Then it is that even slight defects of the eye may cause vertigo, which if usually slight and transient, coming and going as the eyes are used or rested, is sometimes severe and incapacitating. I have over and over seen vertigo with or without occipital pain or distress in persons whose eyes were supposed to be sufficiently corrected with glasses, but who found instant relief when a more exact correction was made; and this is, I think, a matter which has not yet generally received from oculists the attention it demands.
When vertigo, essential, gastric, or aural, is present, the use of the normal eye becomes a common source of trouble. Bright lights, things in irregular motion, reading or writing, and especially rapid changes in accommodation, as watching the retreat or approach of a moving object, are prone to cause or increase the dizziness.
Vertigo in old age, if not due to the stomach or defective states of the portal system, kidneys, or heart, is either caused by atheromatous vessels or multiple minute aneurismal dilatations of vessels, or in full-blooded people by some excess of blood or some quality of blood which is readily changed by an alteration in the diet, of which I shall presently speak. Whatever be its source, it is in the old a matter of reasonable anxiety.

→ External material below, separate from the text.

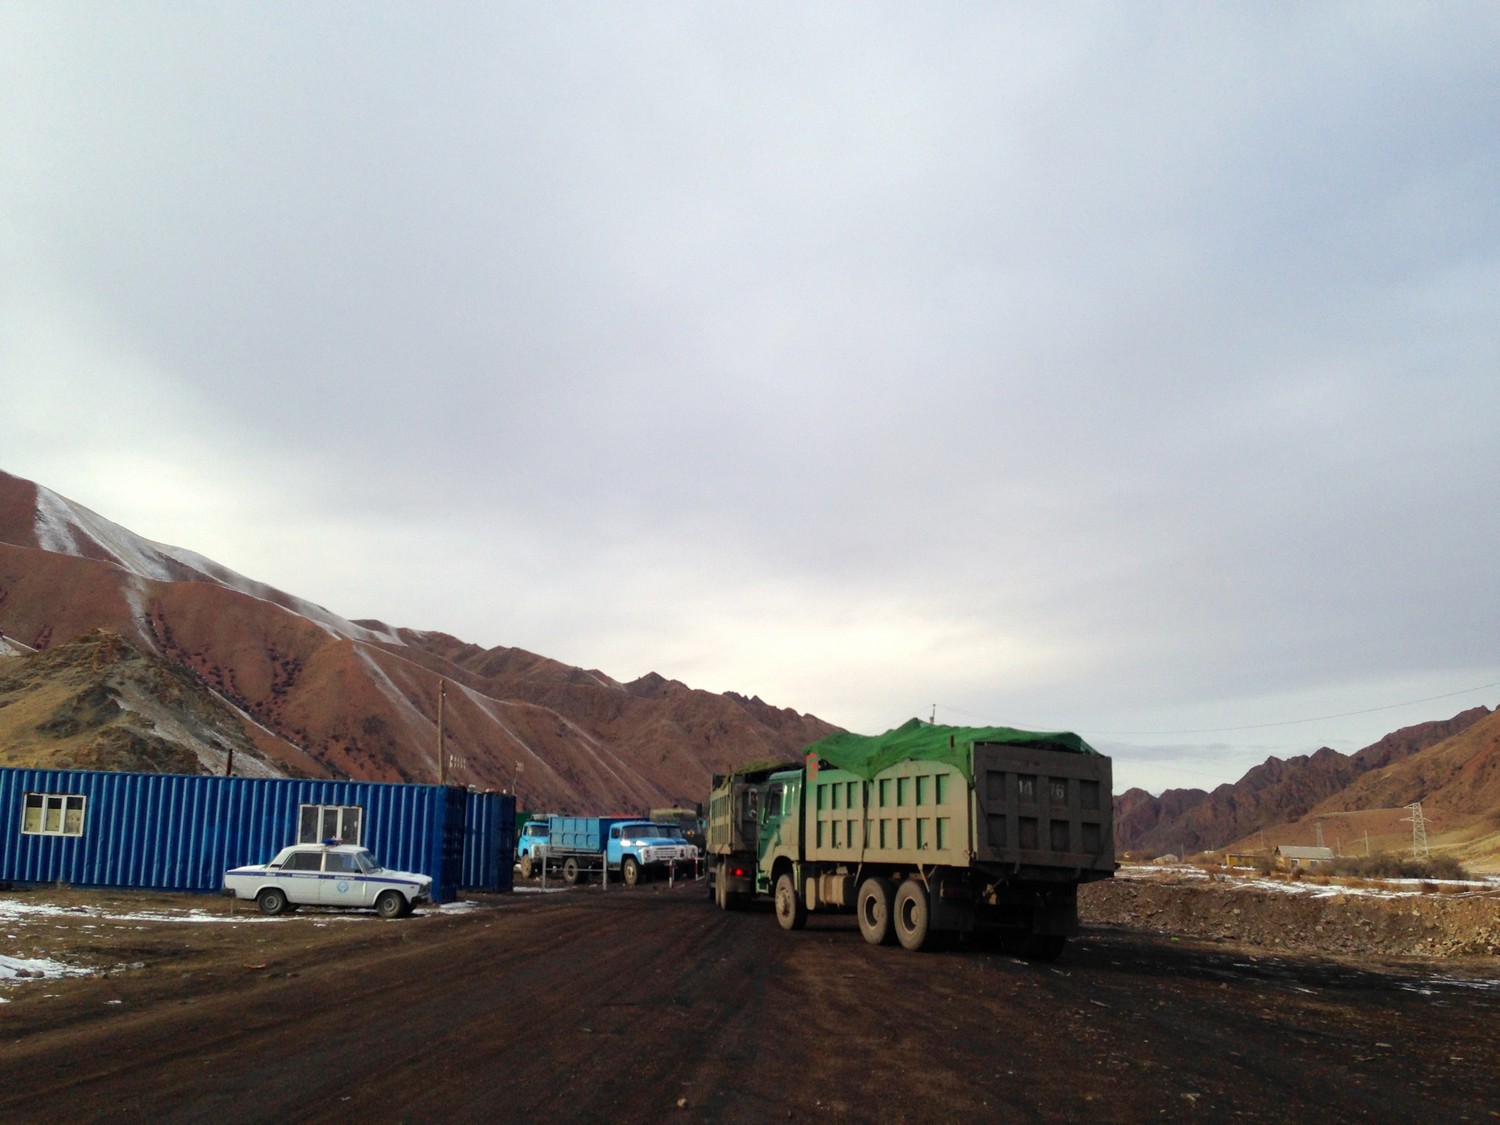 Le point de contrôle installé par la police sur la route vers la mine de Kara-Keché permet de réguler le nombre de camions et d'empêcher les petits véhicules d'aller se procurer du charbon - Crédit : Anatole Douaud

Laryngeal Vertigo.—Under this name J. R. Gasquet,8 and later M. Charcot, have described a form of vertiginous attack in which irritation of the larynx and a spasmodic cough invariably precede the onset. I have never seen such cases, nor do they seem to me entitled to be called vertigo. The symptoms are these: After bronchitis, gout, or rheumatism there occurs an irritation of the larynx or trachea, or of both, which at times is expressed in the form of a tickling cough, simple or in spasms. With these arises a slight sense of vertigo, or else in the grave attacks the patient falls insensible, without convulsion or with no more than one may see at times in fainting. The face is flushed, even deeply, and the attacks last but a few moments. The term vertigo seems to have in such a group of symptoms but little application, nor do these attacks ever bring upon the sufferer the status vertiginosus.
8 Practitioner, Aug., 1878.
Vertigo in Anæmia and in Neurasthenia and Hysteria.—A passing vertigo readily caused by abrupt changes of posture, felt even in health, at times is far more profoundly experienced in grave anæmic states, while in neurasthenic conditions, with deficiency of globules or defect of hæmaglobin, it is still more common. In well-pronounced neurasthenic states, where there is no measurable lack of red corpuscles, but where hæmaglobin is apt to be deficient, it is a frequent symptom, and is then either an immediate result of functional central disorder or of gastric or optical troubles. While the dizziness of neurasthenia is never profound, certainly never repeats the agony of Menière's vertigo, it is apt to be but a too constant symptom, and to be, like the other disqualifying cerebral symptoms of neurasthenia, almost the last to get well. Usually there is little, often no, tinnitus, no deafness, no nausea, slight but a pretty constant sense of unsteadiness, and rarely or but for a few moments any false subjective visual illusions. This, at least, is the type, but, on the other hand, in extreme cases and within these limits the brain is liable to be confused, and the sense of need for difficult controlling volitions called out by almost any use of the eyes in near vision, owing usually to oculo-muscular paresis. Even looking at a mirror or at persons passing by, or the least distinct mental effort, may reproduce it. There is, too, in most of these cases an extreme sense of mental confusion, and more often a false sense of movement within the head than without, while in no other patients is the sexual act so apt to increase all of the symptoms in question.
Hysteria, as might be expected, offers now and then examples of vertigo. It does not exclude the presence of true aural, optic, or gastric dizziness, which is then apt to become the starting-point of a long train of hysterical disorders. On the other hand, we meet with hysterical vertigoes which, in a sense, may be said to simulate any of the more usual types. I have certainly seen hysterical girls with deafness, tinnitus, and a great development of equilibrial disturbance, in whom the disease passed away without leaving a trace behind it, so that in these cases some caution is needed as to prognosis. They become far more difficult to deal with when they are found in old women or women in advanced middle life, since it is then hard to know what share senile changes may have in the production of the symptoms.
Vertigo from mechanical causes, such as sea-sickness, railway sickness, swinging, etc., it is hardly worth while to deal with here at length. The research of Prof. James has made it probable that disturbances of the labyrinth are responsible for the vertigo of sea-sickness. Certainly, deaf-mutes seem to have lost the power to be made vertiginous from rotation, and do not suffer at sea.
It is, however, worth recording here that I have more than once seen enduring vertiginous status, with occasional grave fits of vertigo, arise out of very prolonged sea-sickness. In the last example of this sequence seen by me there was, after a year or more, some deafness.
The elevators in use in our hotels sometimes cause, in those who live in them all day and control their movements, a cumulative vertigo, and I have known such persons to be forced on this account to seek other occupation.